Exercise directions:
The material below should be copied line for line, please, with pictures omitted.

Provided material:
== == ==

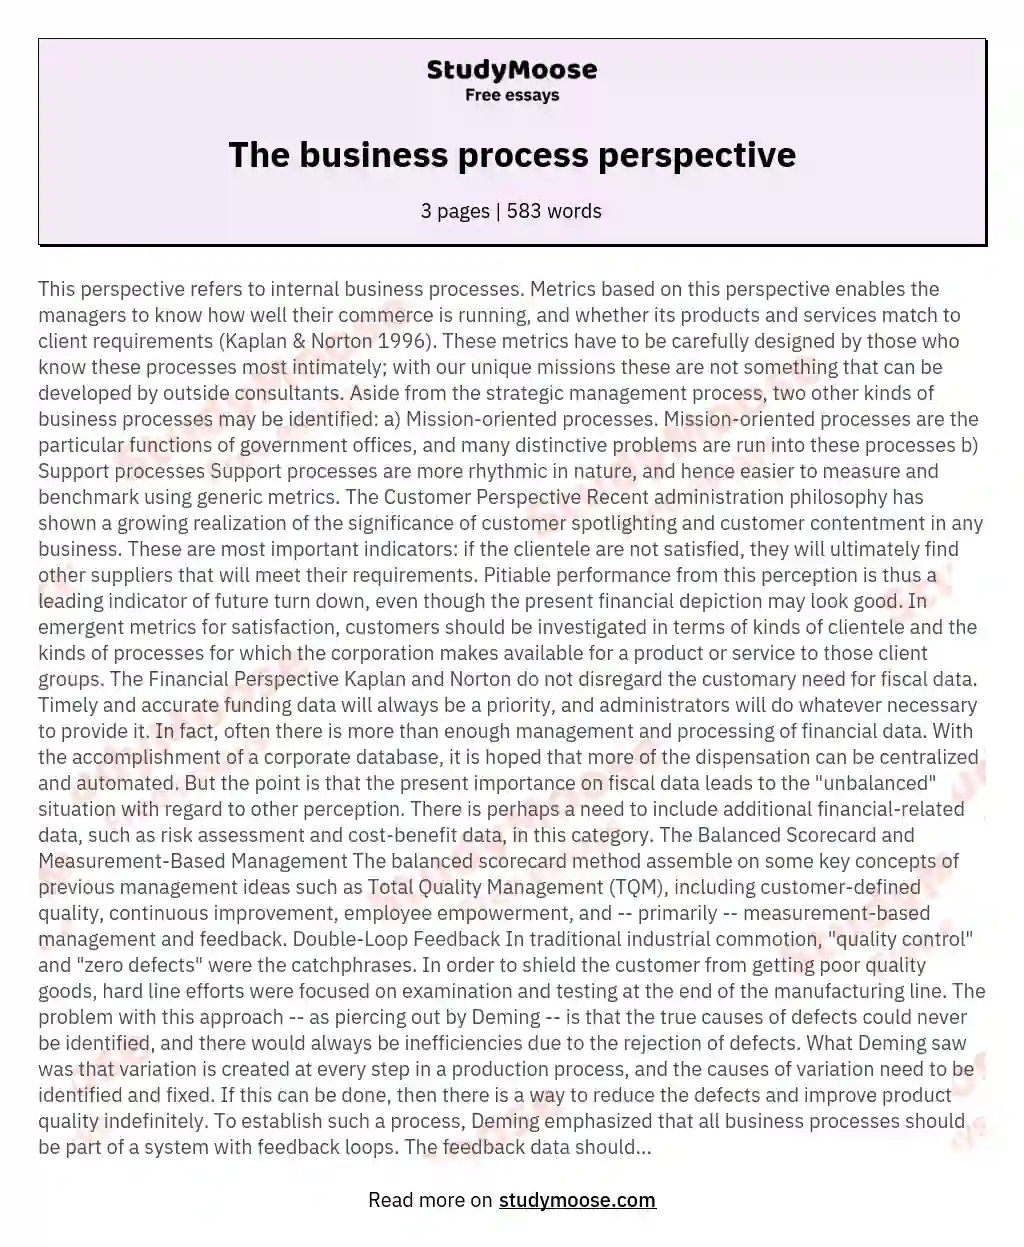 The business process perspective essay
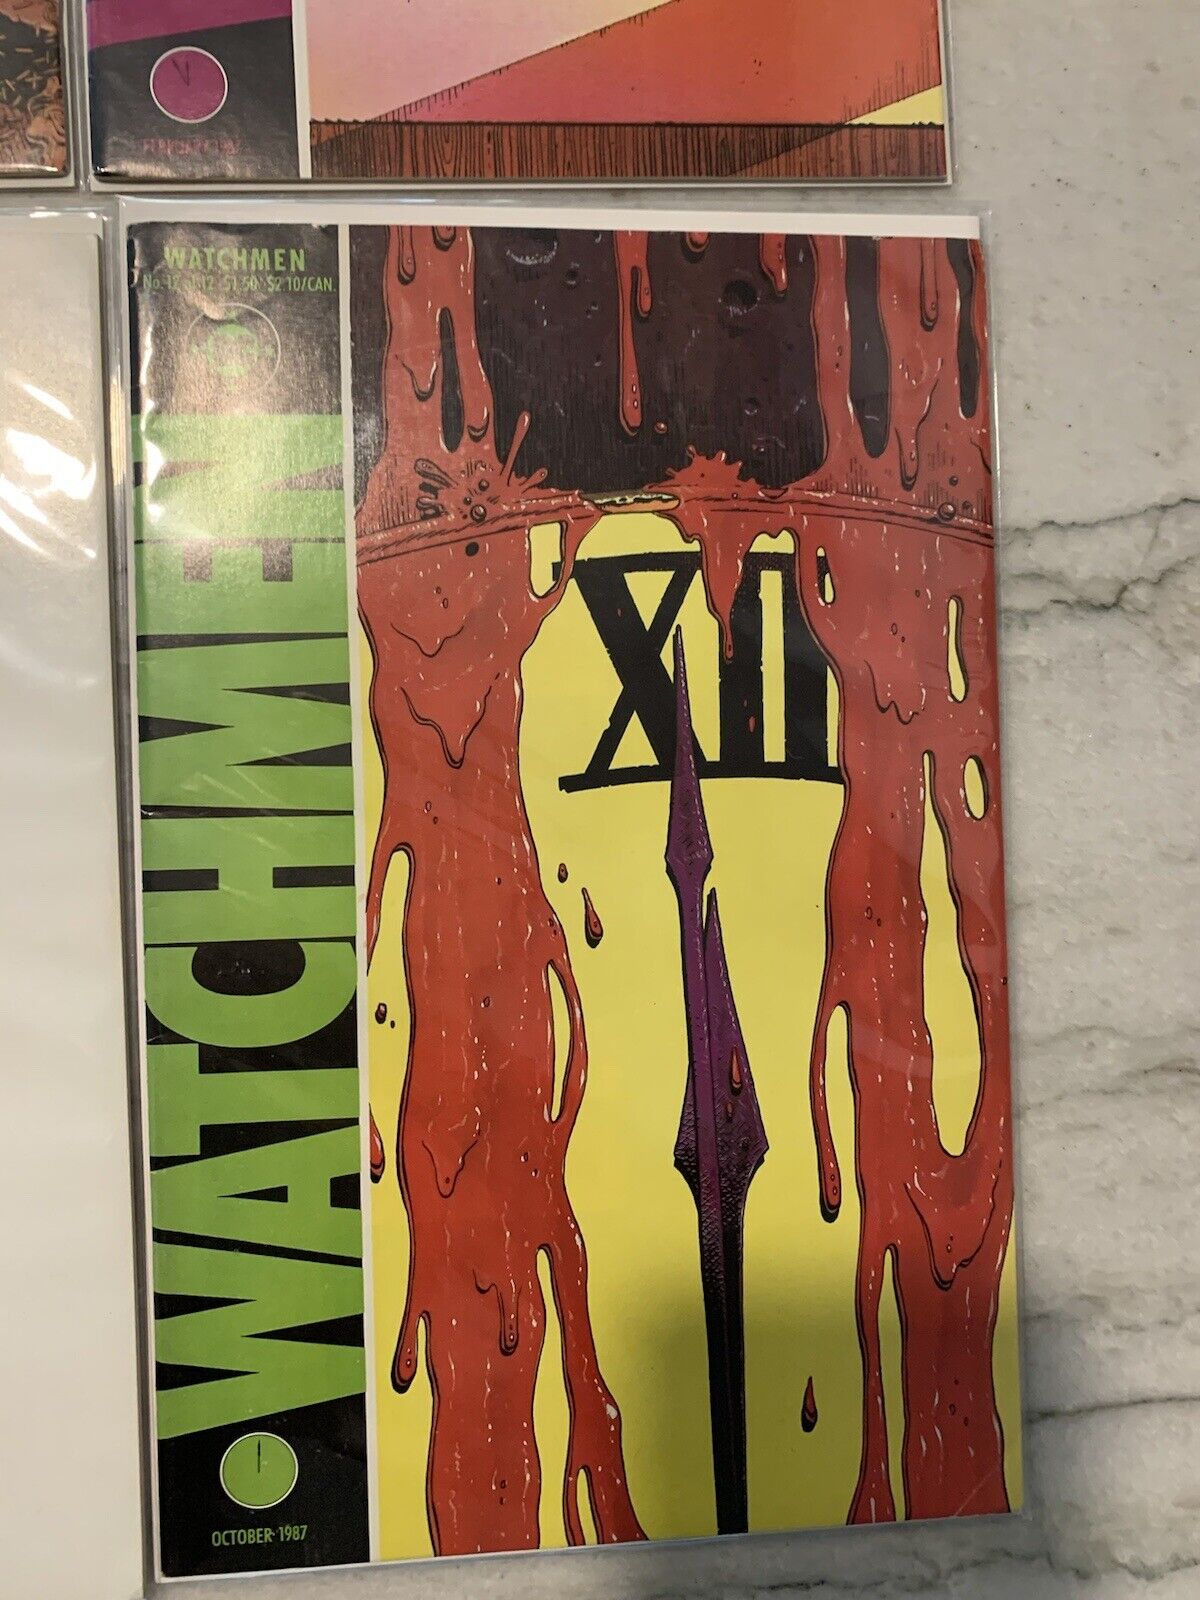 WATCHMEN #s 1 - 12, Complete Limited Series (DC, 1986-1987)
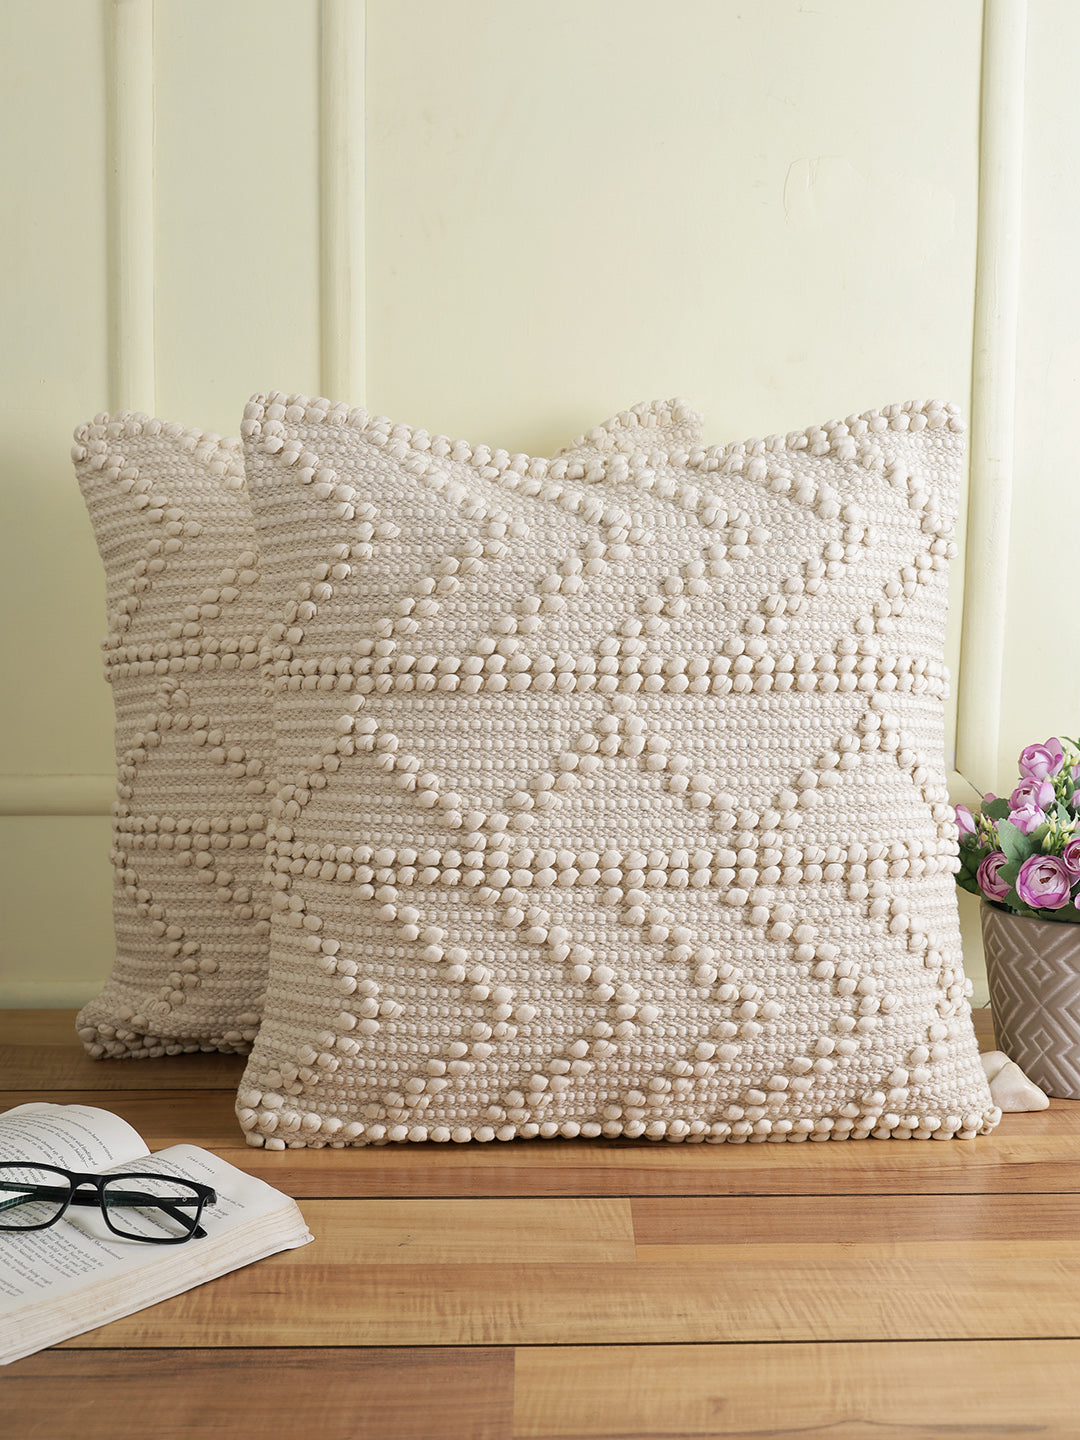 Off White Set of 2 Self Design Square Cushion Covers

== == ==

Your solution:
 The business process perspective essay
 WATCHMEN #s 1 - 12, Complete Limited Series (DC, 1986-1987)
 Off White Set of 2 Self Design Square Cushion Covers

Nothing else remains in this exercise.